» Requirement
Output the full listing below exactly, without the pictures.

» Raw data
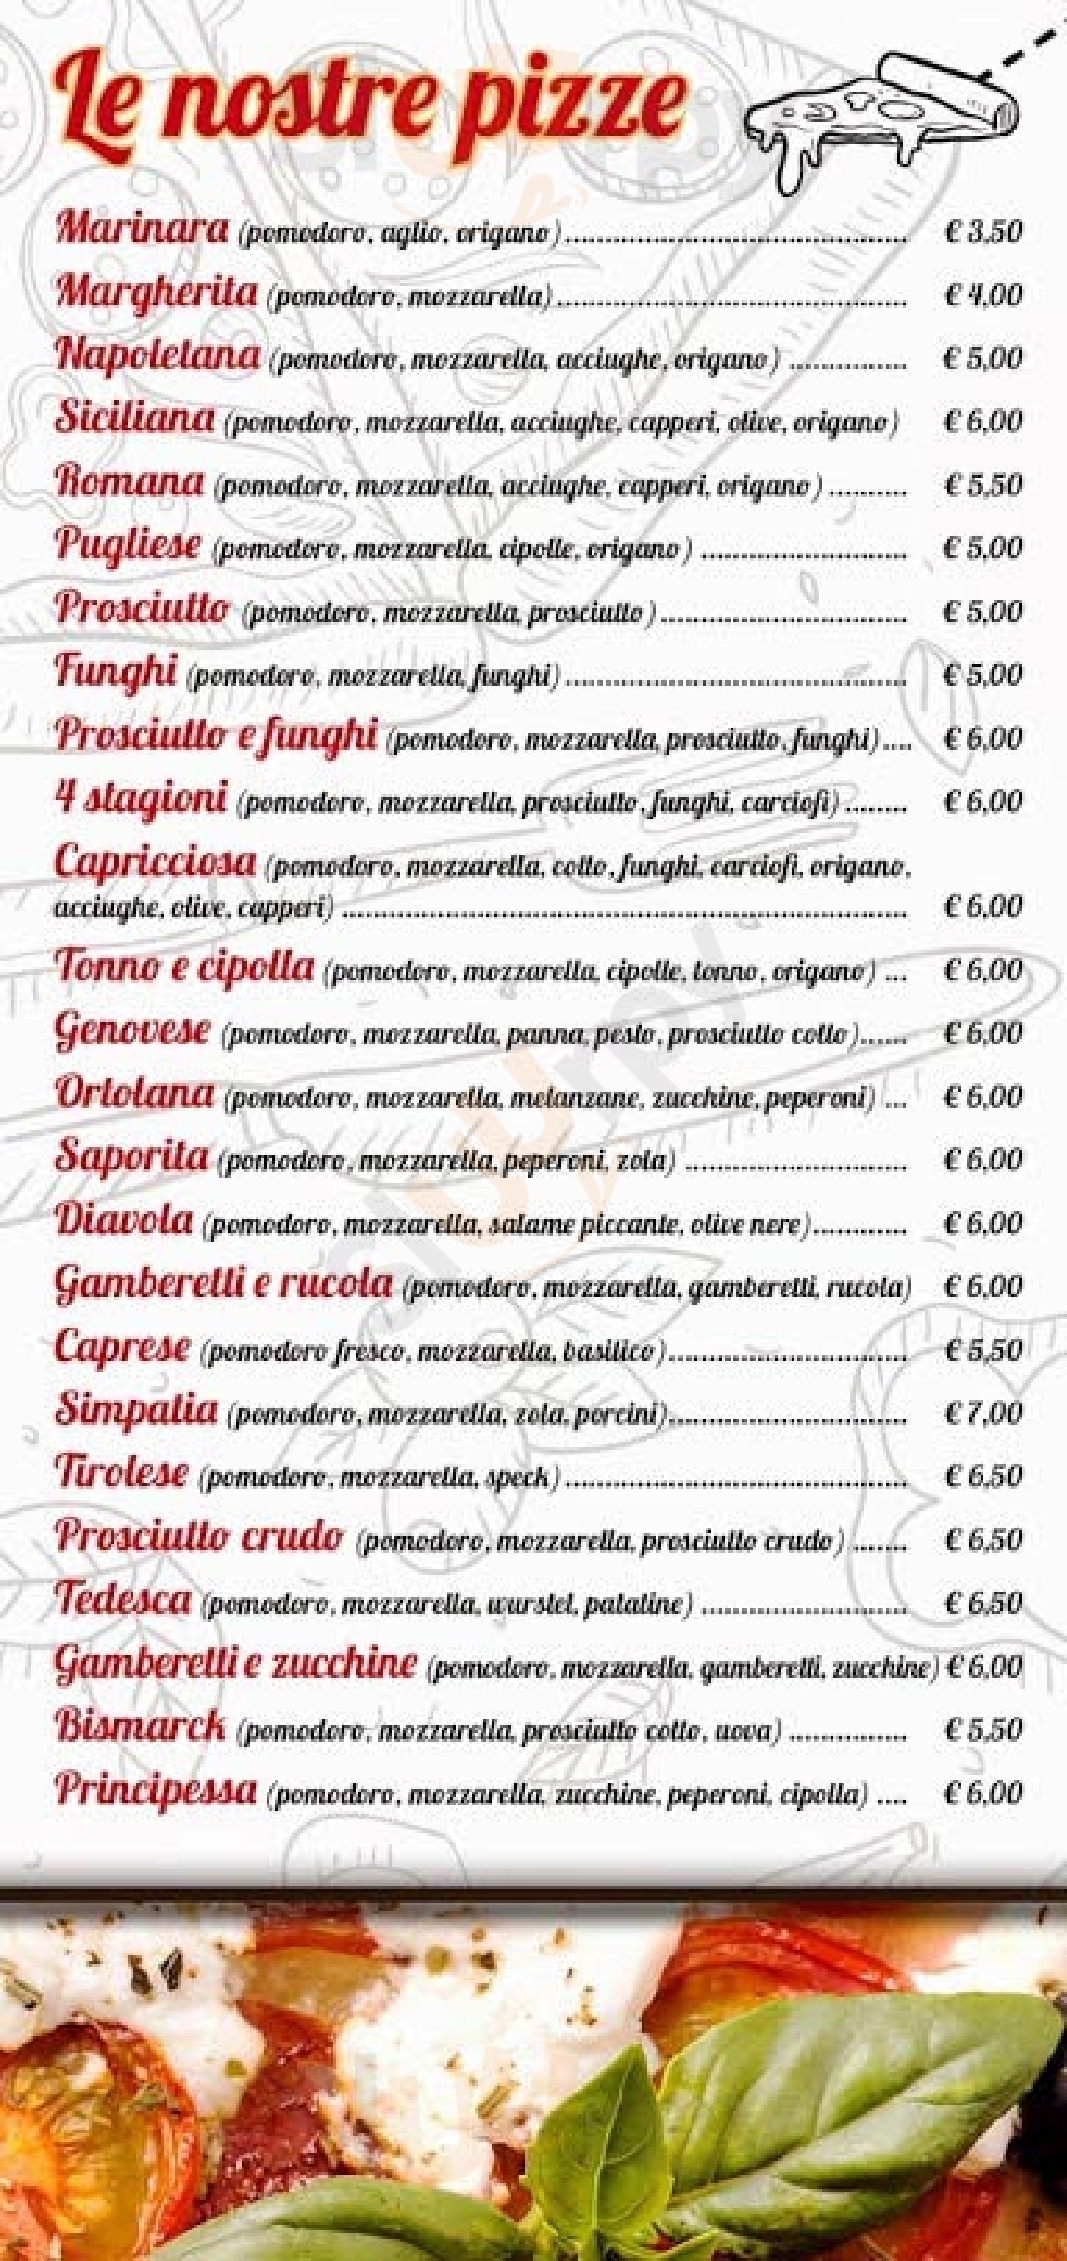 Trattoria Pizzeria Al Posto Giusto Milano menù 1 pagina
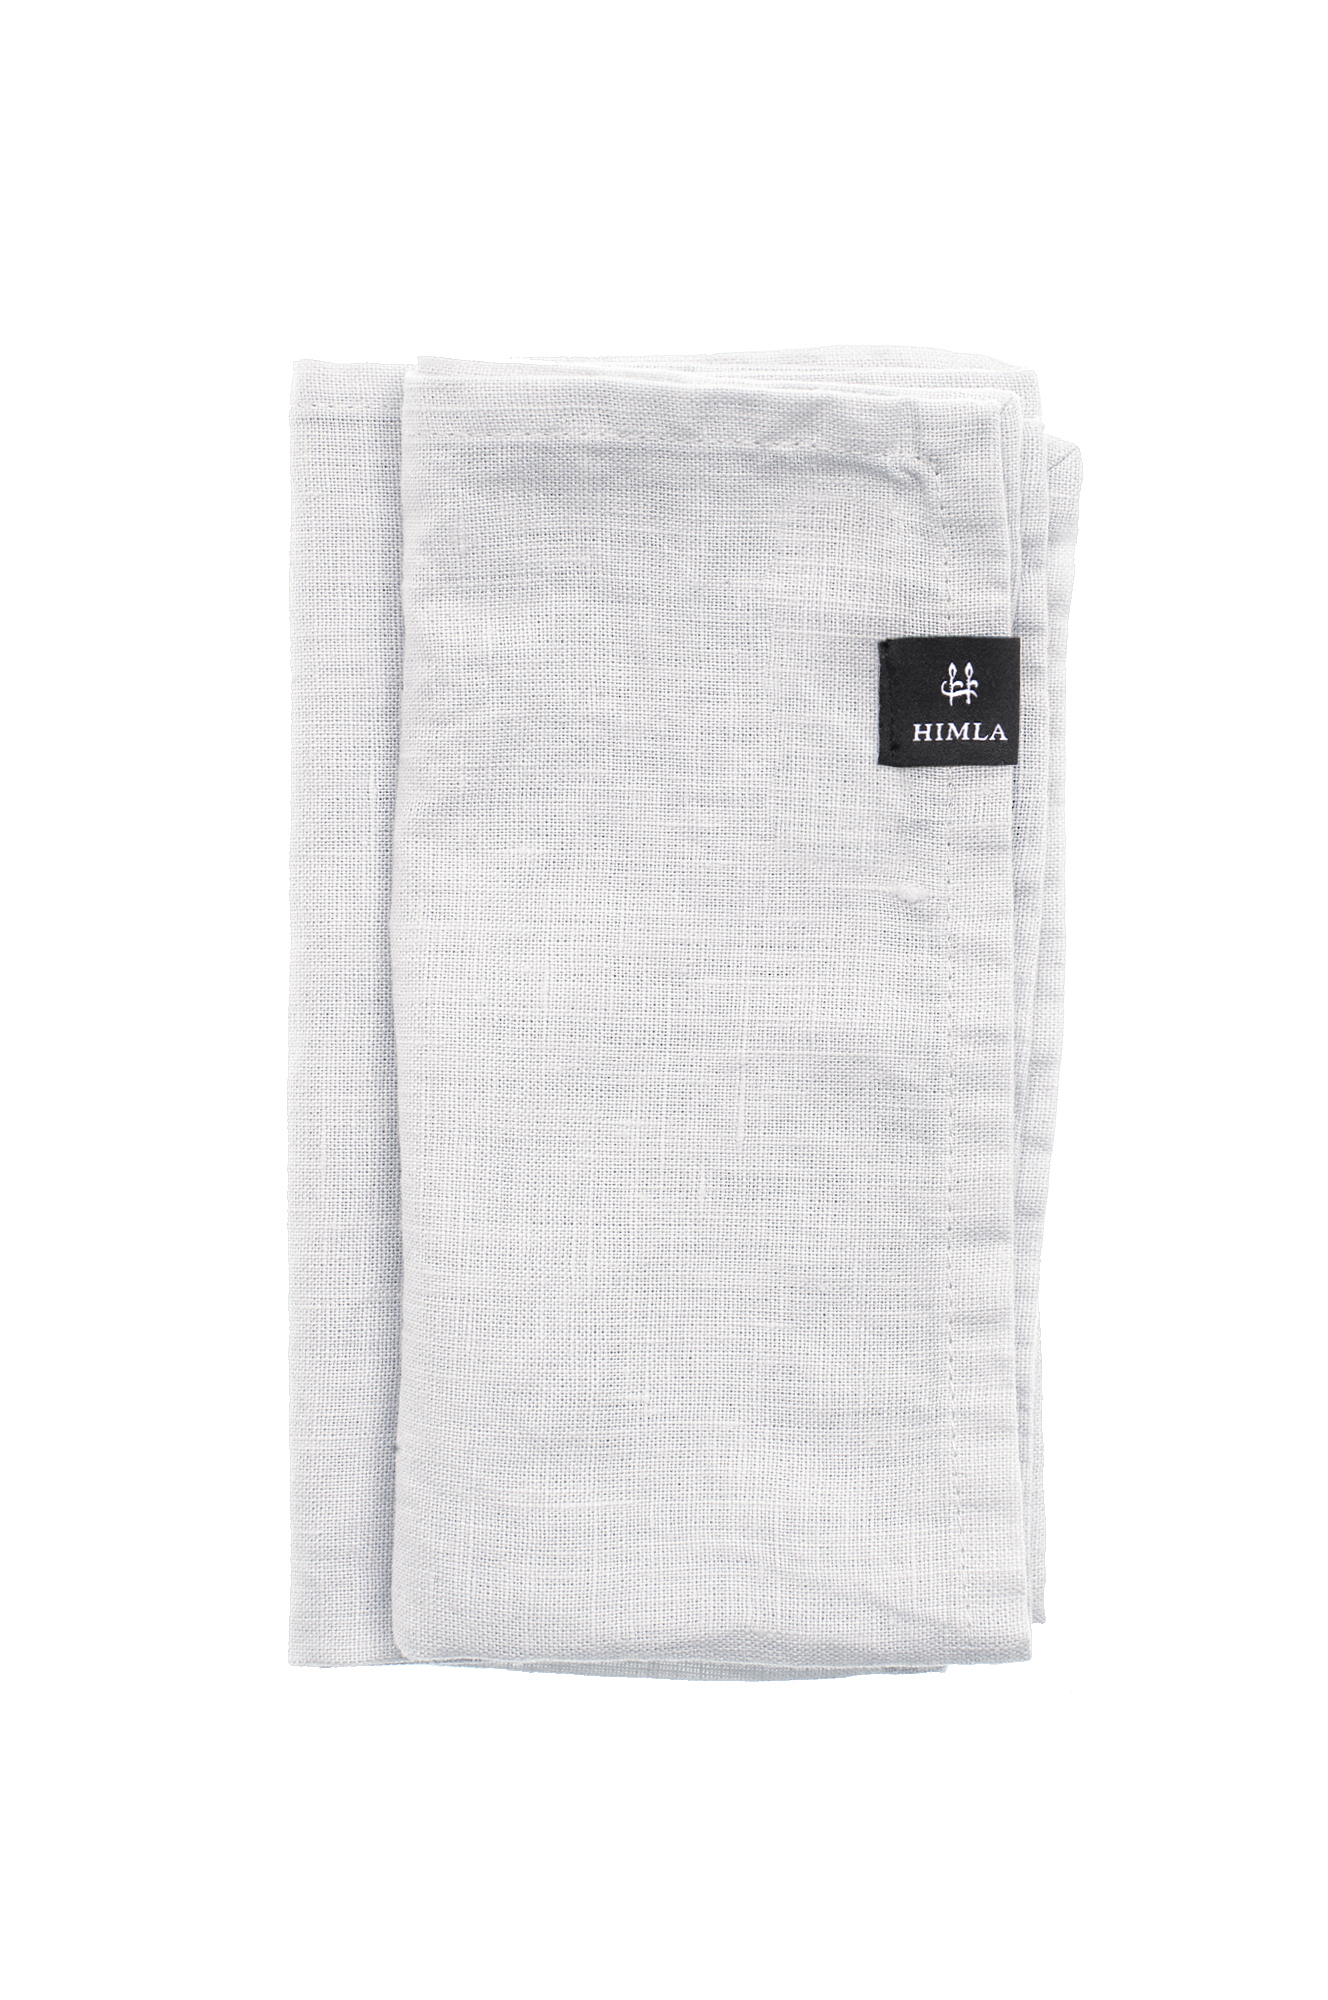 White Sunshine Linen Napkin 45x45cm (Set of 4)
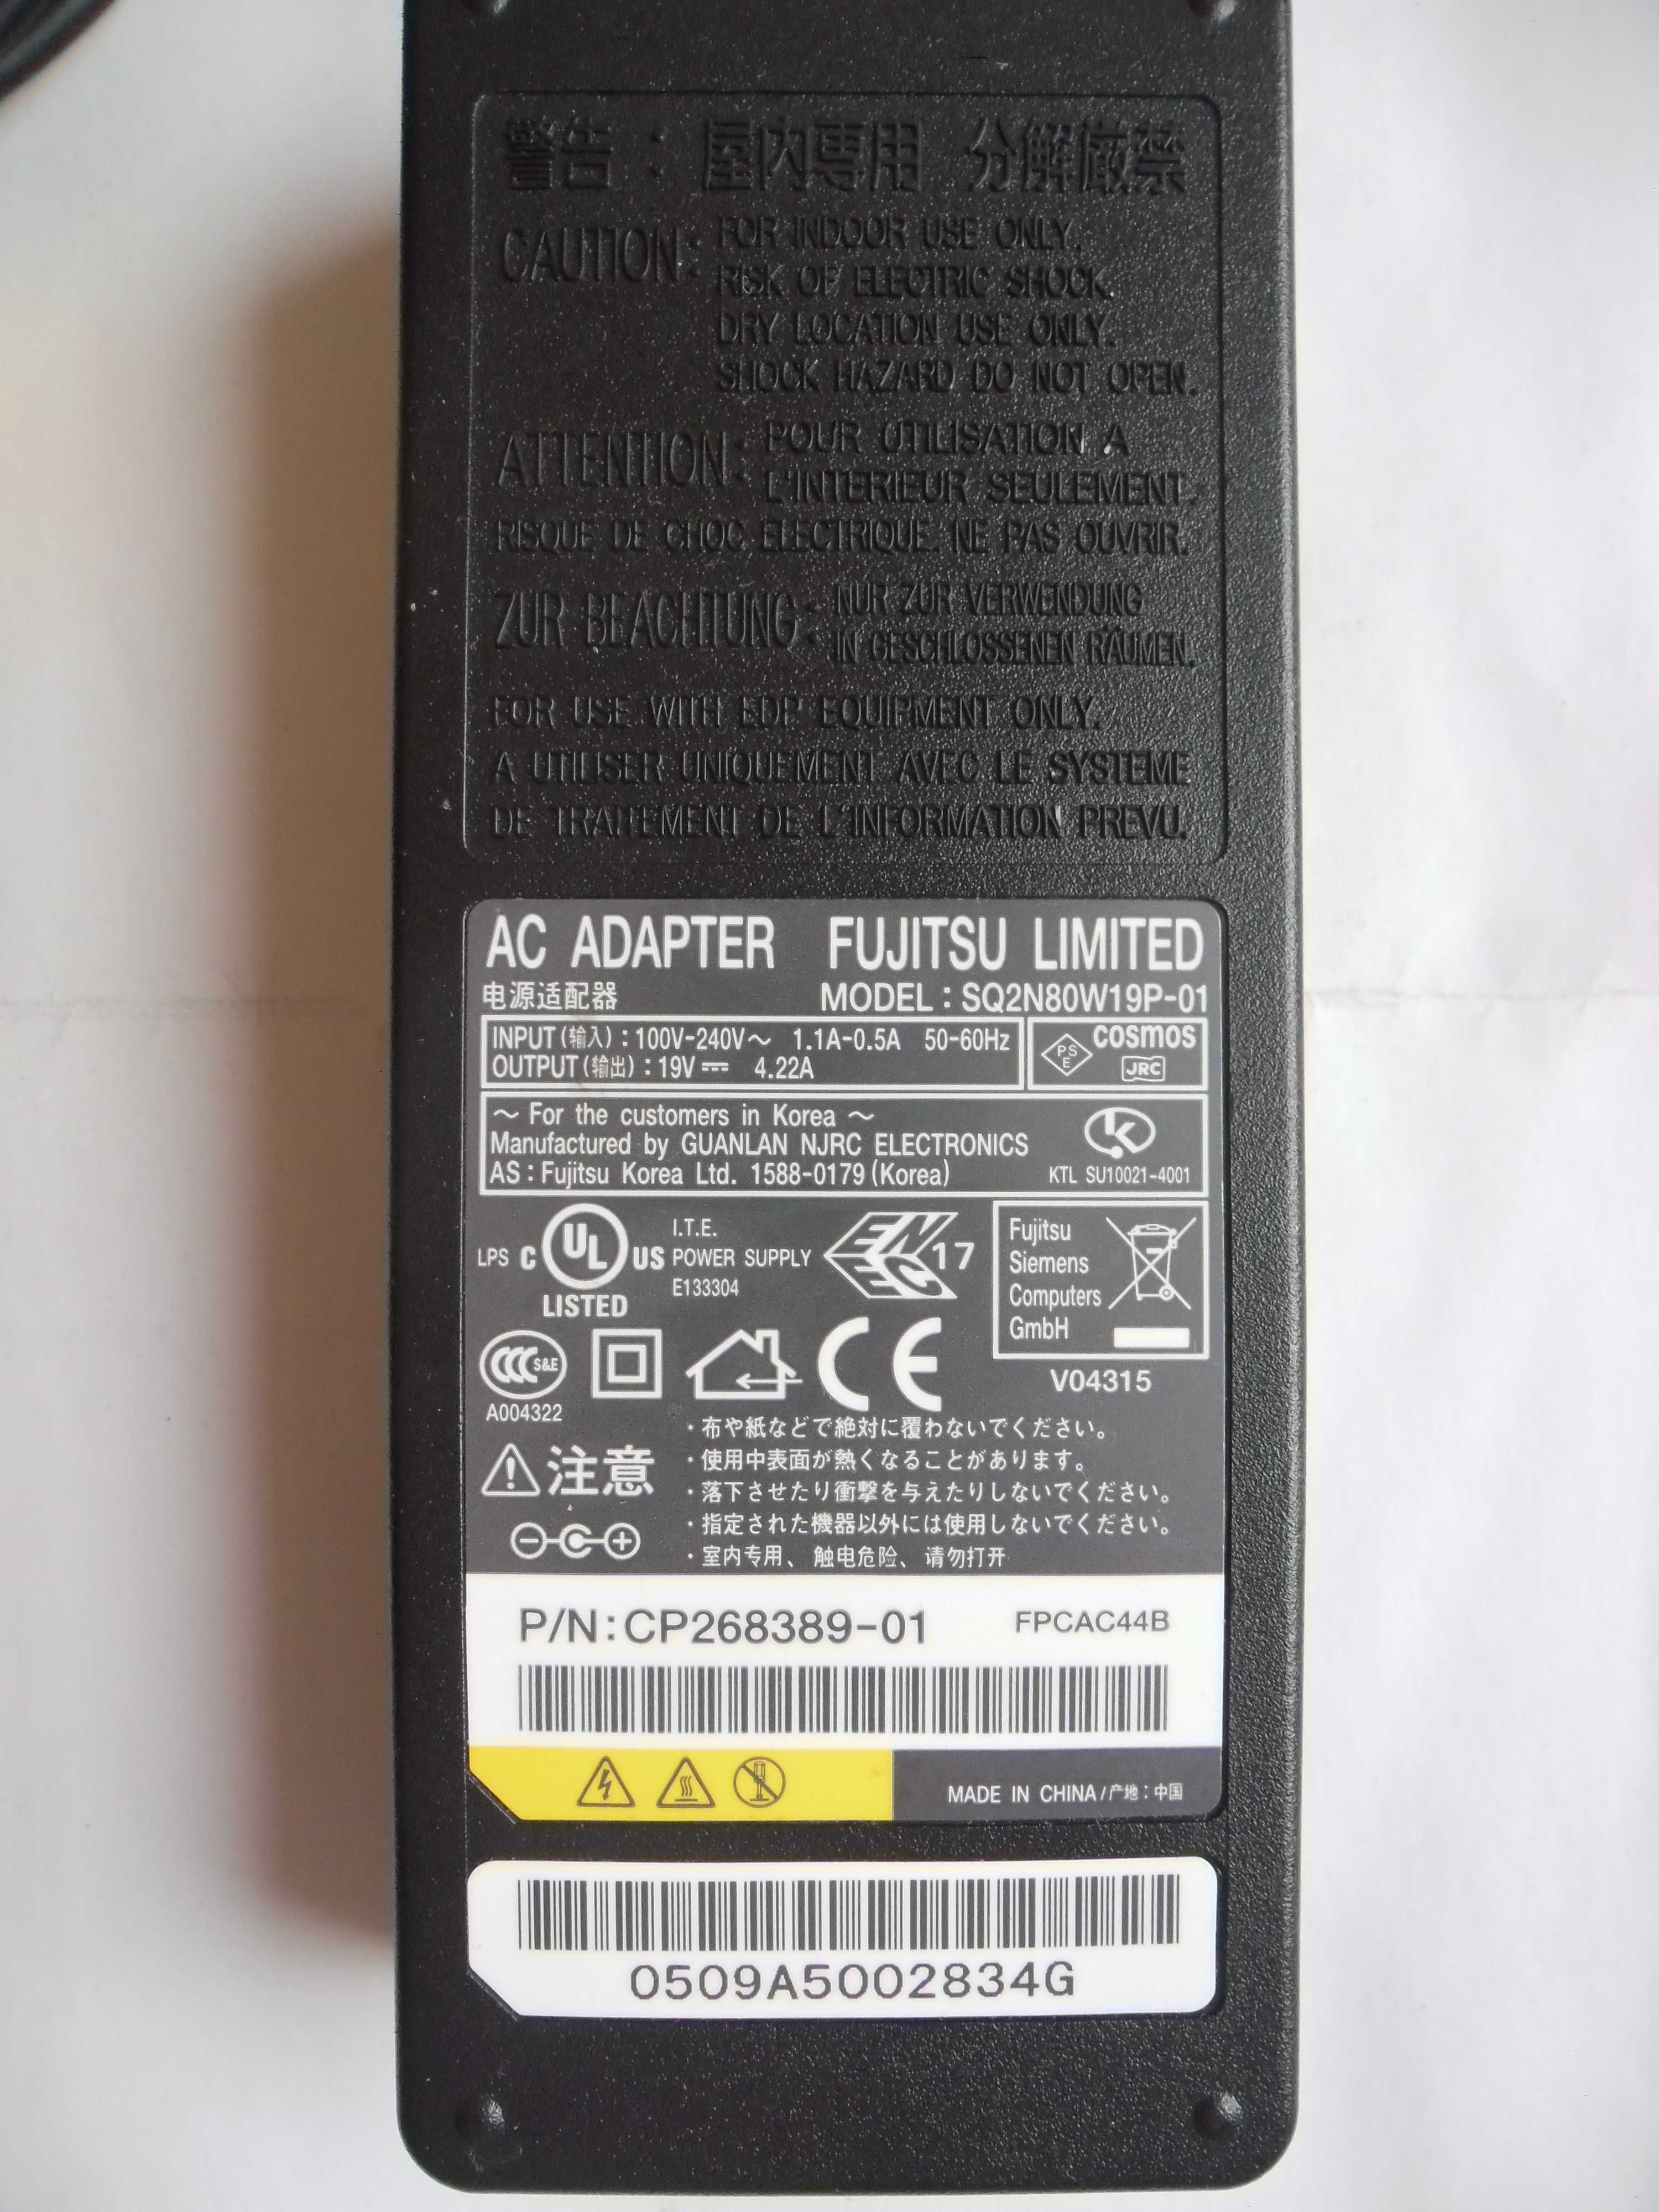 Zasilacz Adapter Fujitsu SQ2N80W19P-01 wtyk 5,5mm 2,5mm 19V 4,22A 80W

» Expected answer
 Trattoria Pizzeria Al Posto Giusto Milano menù 1 pagina
 White Sunshine Linen Napkin 45x45cm (Set of 4)
 Zasilacz Adapter Fujitsu SQ2N80W19P-01 wtyk 5,5mm 2,5mm 19V 4,22A 80W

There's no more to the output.